Particularly in mathematical reasoning, DeepSeek-V3 excelled.
Remarkably, while matching GPT-4o's performance, DeepSeek-V3's R&D cost was only $5.58 million, less than one-twentieth of GPT-4o's training cost.
This left Americans profoundly unsettled.
Previously, Google and OpenAI had invested billions, even tens of billions of dollars, and utilized tens of thousands of state-of-the-art GPUs to achieve similar results.
This stark contrast prompted Americans to reflect: Is it still worthwhile investing in large models and computational power?
While many Silicon Valley tycoons lauded the achievement, they also tasted the bitterness of Chinese technological prowess: While Americans rested, China was catching up!
Interestingly, this event coincided with the unveiling of China's sixth-generation fighter jet.
Many Americans believed this was more akin to the Sputnik moment when the Soviet Union launched the first artificial satellite in the 1950s than the fighter jet's reveal.
However, what truly shocked Silicon Valley about DeepSeek-V3 wasn't its high performance or low cost, but the pioneering spirit demonstrated by the Chinese.
Historically, almost all Chinese AI companies followed Silicon Valley, leading to a prevalent perception that the US excels in technological breakthroughs from 0 to 1, while China excels in application implementation from 1 to 100.
DeepSeek-V3 shattered this stereotype, significantly enhancing model performance and training efficiency with groundbreaking technologies such as MLA and DeepSeekMoE.
Americans were astonished to discover that Chinese companies could also contribute to innovation, setting their own rules outside their traditional game.
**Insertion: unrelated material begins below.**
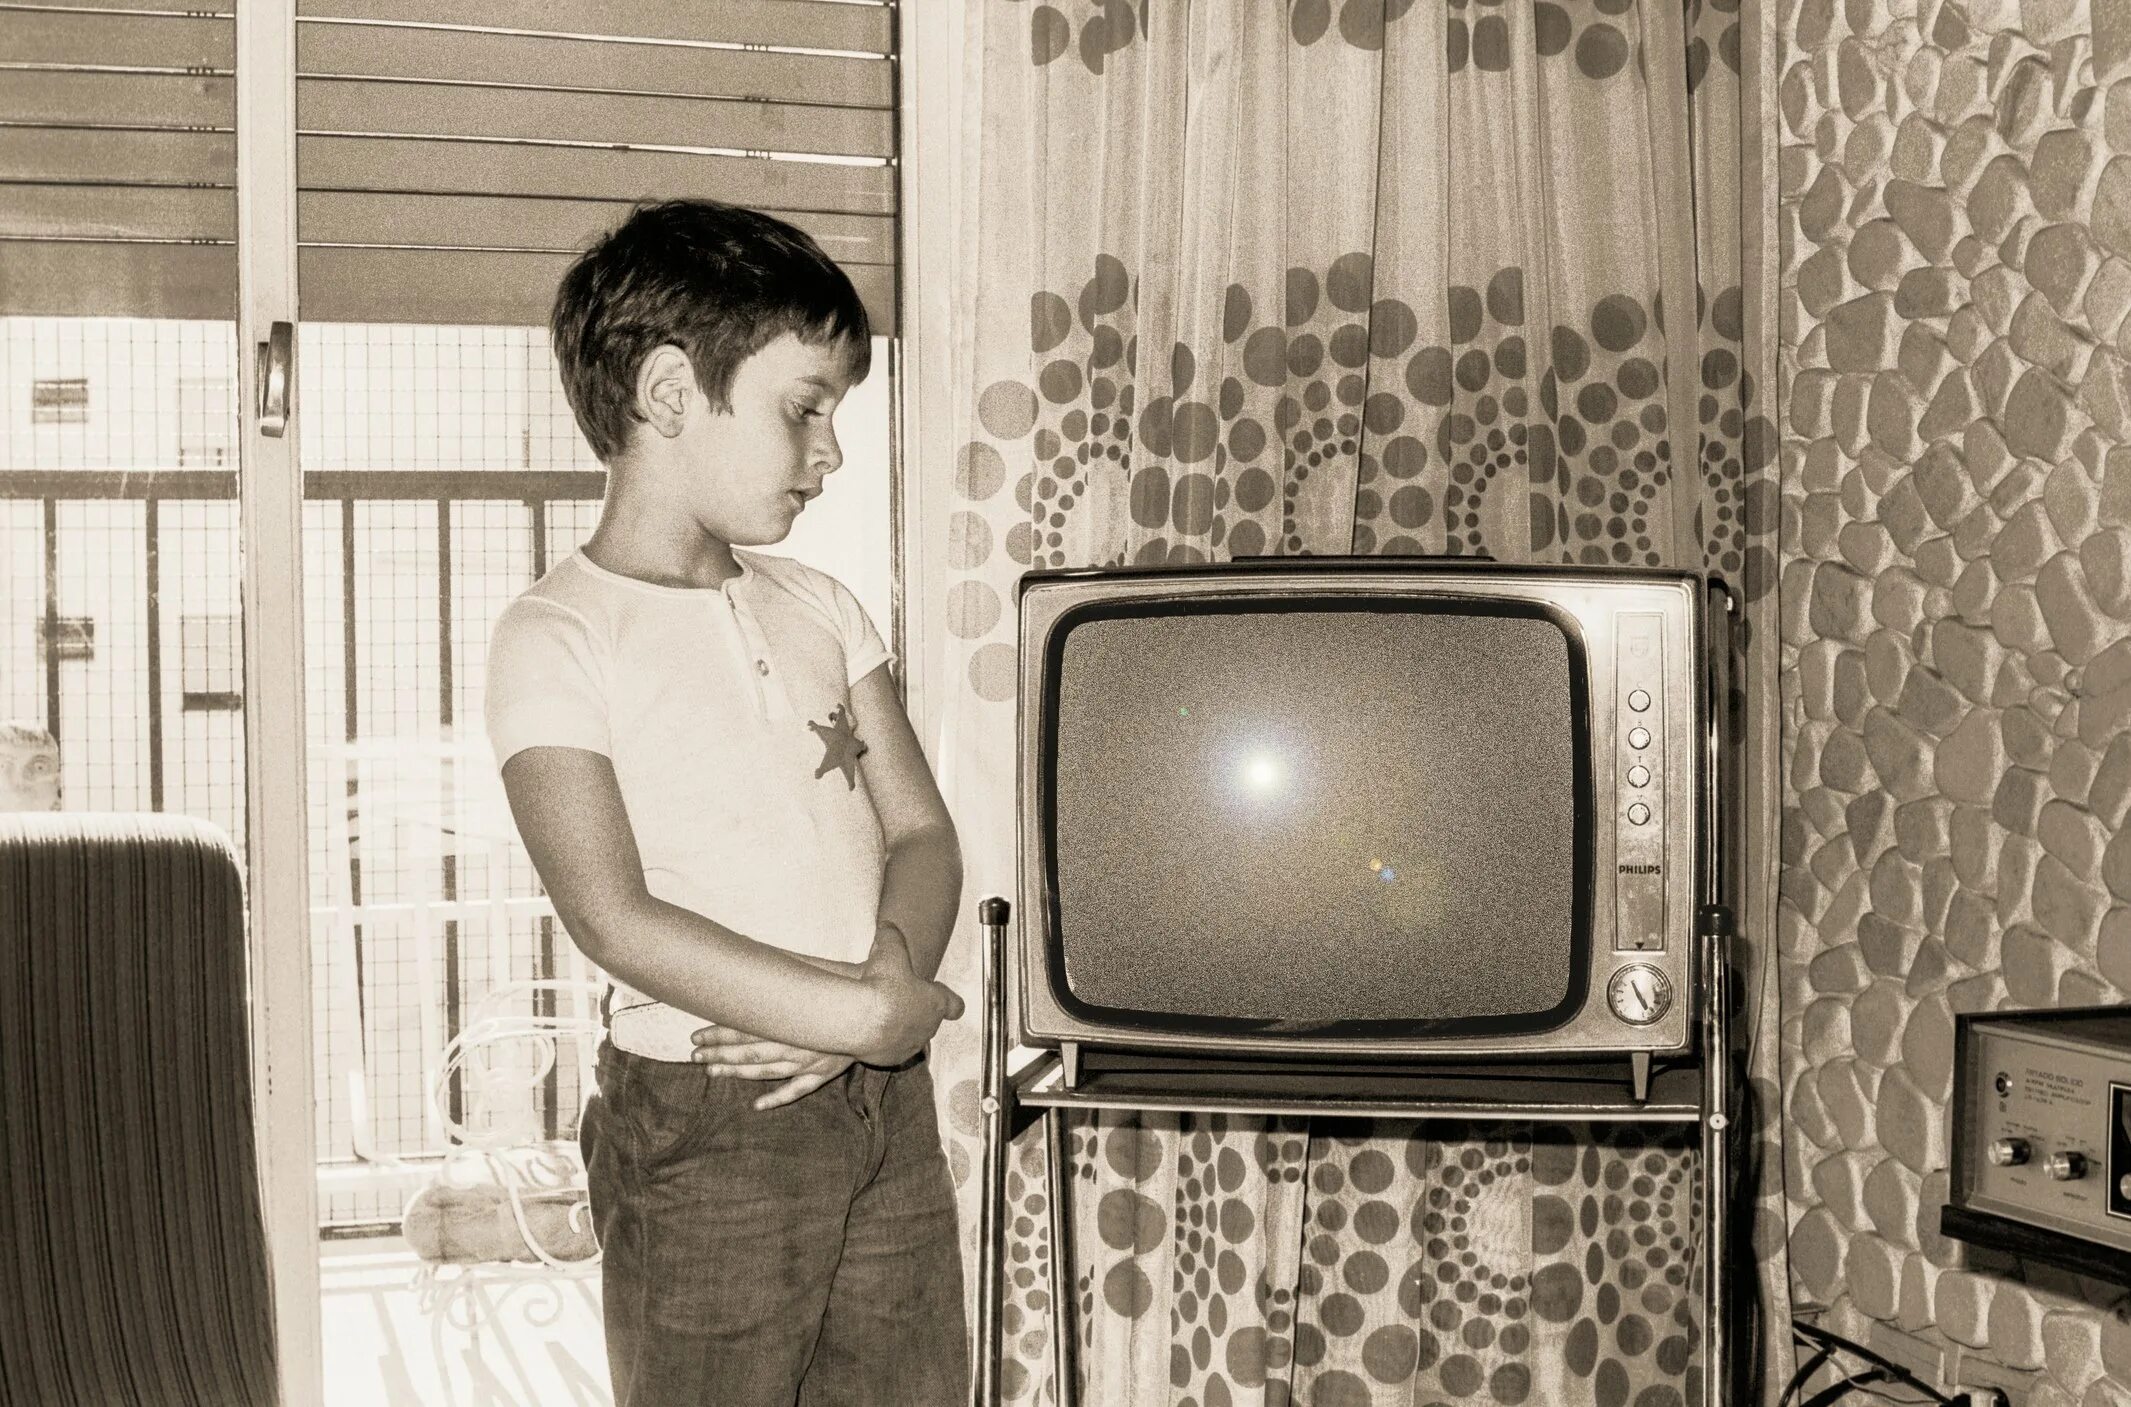 Посмотри предыдущие. Ламповый телевизор сигнал 2. Мальчик у телевизора. Мальчик старый телевизор. Транзисторный телевизор.

This was exceedingly rare in the past.
Due to its superior performance, DeepSeek was hailed in Silicon Valley as a mysterious force from the East.
Remarkably, the funder behind this mysterious Eastern force wasn't an internet giant like Tencent or Alibaba, but a low-key private equity fund, Huantang Quant.
Currently, there are no more than five enterprises in China with 10,000 GPUs, and Huantang is one of them.
In 2023, it established a subsidiary, 'DeepQuest', to commence R&D on the DeepSeek large model, with a team of only 139 members, significantly fewer than OpenAI's 1,200.
Leading this team is Liang Wenfeng, an 80s post-graduate, and the founder of Huantang Quant.
[Curiosity-Driven Madness]
Liang Wenfeng and Huantang's journey began in 2008.
That year, after graduating from Zhejiang University with a major in software engineering, instead of joining a large company like his peers, he ventured to Chengdu and lived in a tiny rented room.
There, Liang Wenfeng began exploring various ways to monetize computers.
After several attempts, he decided to delve into quantitative investment. This decision wasn't easy, as quantitative investment was still novel in China at the time.
Many doubted its profitability.
Whenever he faced challenges, Liang Wenfeng would recall a quote from the father of quantitative investment, Jim Simons: 'There must be a way to model prices.'
Driven by this belief, Liang Wenfeng persevered for two years and finally saw a breakthrough. In 2010, the launch of CSI 300 Index Futures ushered in a golden age for quantitative investment.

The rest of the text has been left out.